Predicting Malignancy Risk of Screen Detected Lung Nodules – Mean Diameter or Volume
M. Tammemagi, A.J. Ritchie, S. Atkar-Khattra, B. Dougherty, C. Sanghera, J.R. Mayo, R. Yuan, D. Manos, A.M. McWilliams, H. Schmidt, M. Gingras, S. Pasian, L. Stewart, S. Tsai, J.M.Seely, P. Burrowes, R. Bhatia, E.A.Haider, C. Boylan, C. Jacobs, B. van Ginneken, M.-S. Tsao, S. Lam and the Pan-Canadian Early Detection of Lung Cancer Study Group
Purpose: In lung cancer screening practice using low-dose computed tomography (LDCT), diameter or volumetric measurement have been used in the management of screen detected lung nodules. The aim of this study is to compare the performance of nodule malignancy risk prediction tools using diameter or volume and between computer-aided detection (CAD) and radiologist measurements. Methods: Multivariable logistic regression models were prepared using data from two multi-center lung cancer screening trials. For model development and validation, baseline LDCT scans from the PanCan Study and a subset of National Lung Screening Trial (NLST) scans with lung nodule ≥3 mm in mean diameter were analysed using the CIRRUS Lung Screening Workstation (Radboud University Medical Center, Nijmegen, the Netherlands). In the NLST sample, nodules with cancer had been matched on size to nodules without cancer. Results: Both CAD-based mean diameter and volume models showed excellent discrimination and calibration, with similar areas under the receiver-operating-characteristic curves of 0.947. The two CAD models had similar predictive performance to the radiologist-based model.

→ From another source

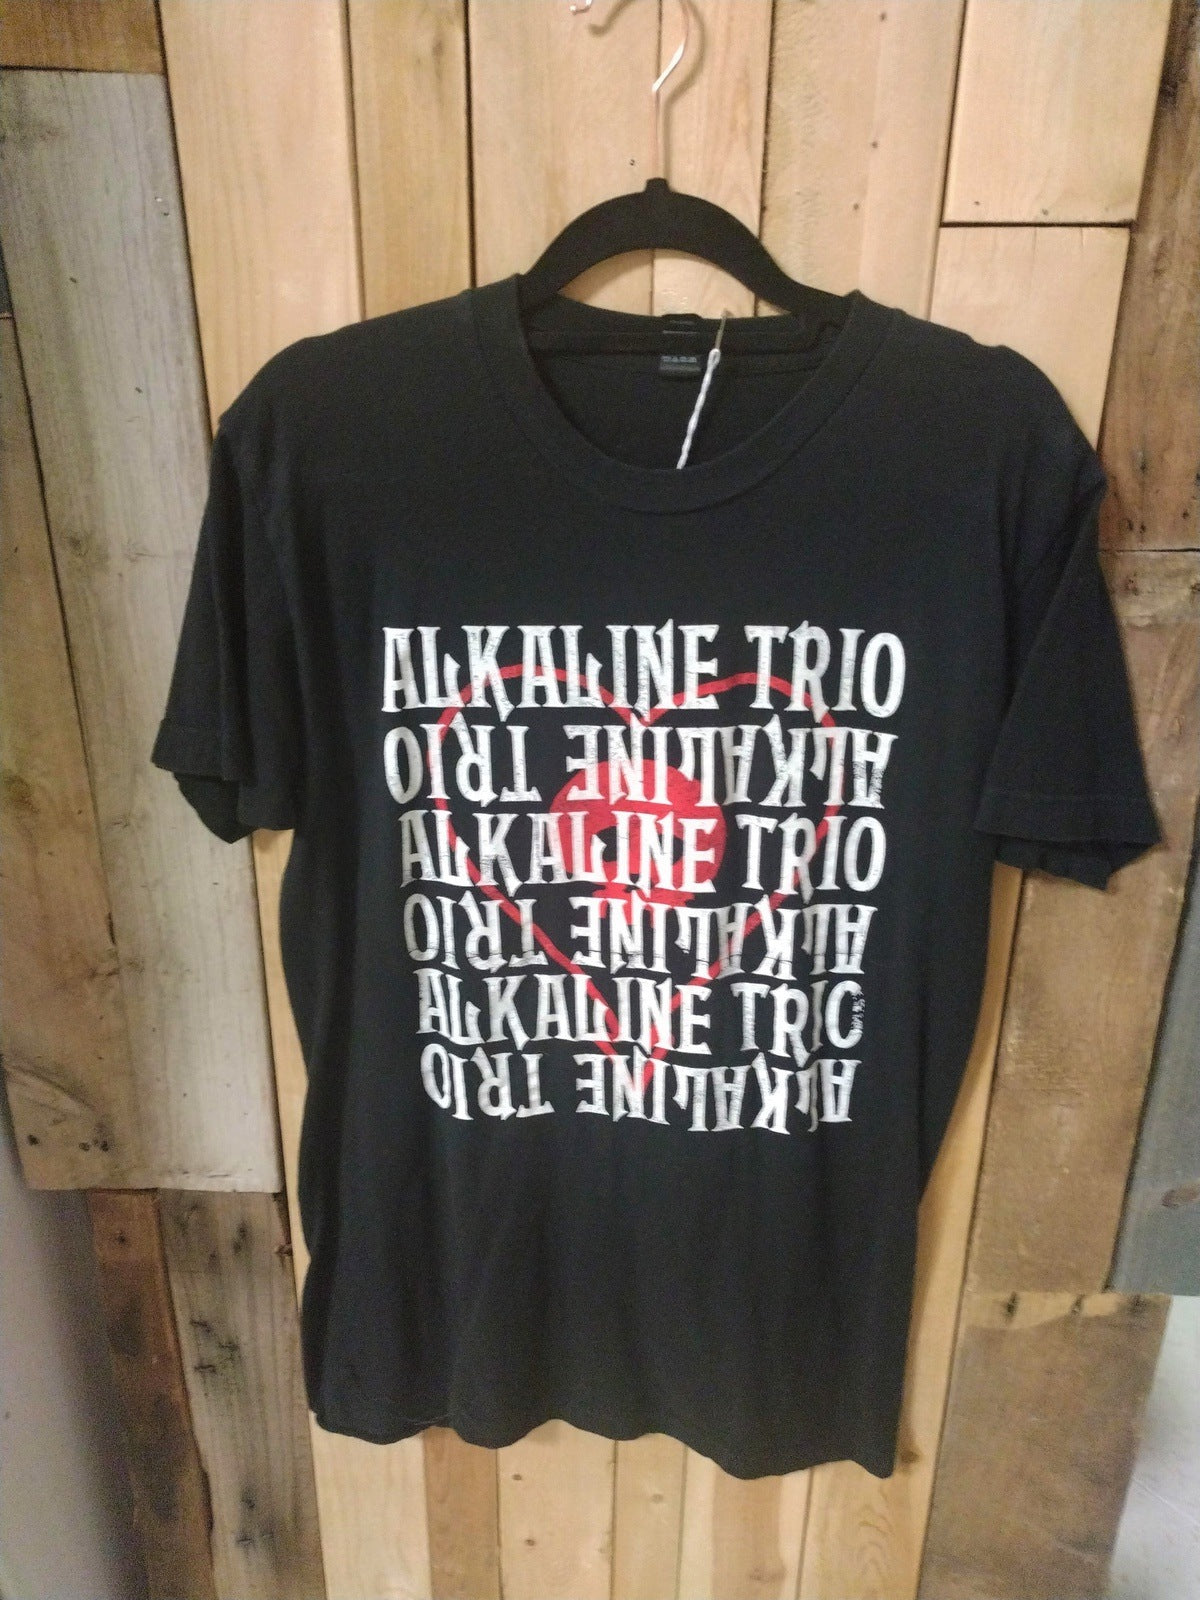 Alkaline Trio Tee Shirt Size Medium

In NLST validation data, the CAD Mean Diameter and Volume models also demonstrated excellent discrimination: AUC’s 0.810 and 0.821, respectively. These performance statistics are similar to the PanCan Malignancy Probability Model in these data using radiologist measured maximum diameter. Conclusion: Either CAD-based nodule diameter or volume can be used to assist in predicting nodule malignancy risk.